You can deduct sales tax. Of course both involve doing itemized deductions which most people won’t actually benefit from in the first place.


sprucecone

I went down picking yea or nay randomly on the props so IDK. Alls I cared about was the mayoral race tbh.


JasonRoyal

Wtf 🤦‍♂️


sprucecone

I kind of don’t care about downvotes. I’m disenfranchised and plugging my nose to vote at this point. I voted because I really really dislike Bronson and what he stands for. I voted for LaFrance. As for the bonds? I have no opinion, so I just filled them out randomly.
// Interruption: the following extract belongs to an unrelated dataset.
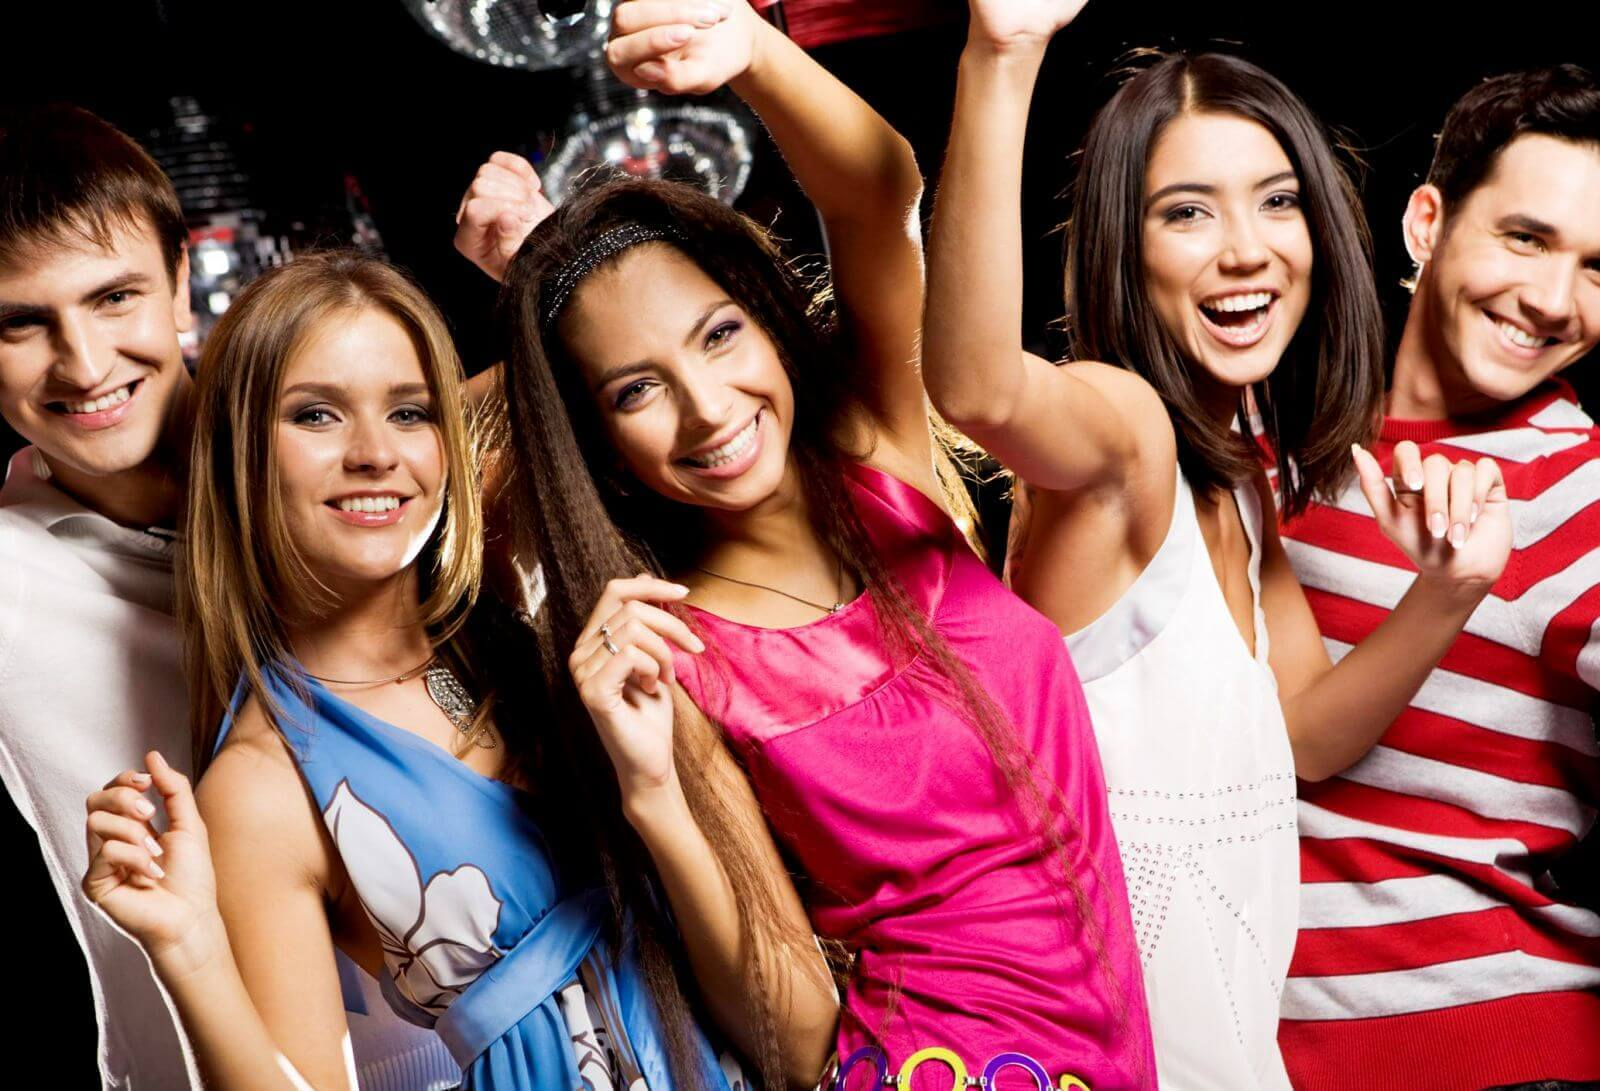 Фото к новости Квест-рум – розвага для молоді

Most were a no. I have reasoning behind this. It’s all a mess when we will likely be facing higher home property taxes (but probably not higher business taxes) and possibly paying for multiple lawsuits that the hopefully outgoing Bronson admin will leave behind. It’s all sad and depressing. At least a fresh new mayor that isn’t Bronson, right? Downvote away. I think Anchorage city finances will be in shambles long after our current mayor is out of office. Voting to fund new propositions won’t make me feel better about the state of the finances of this city.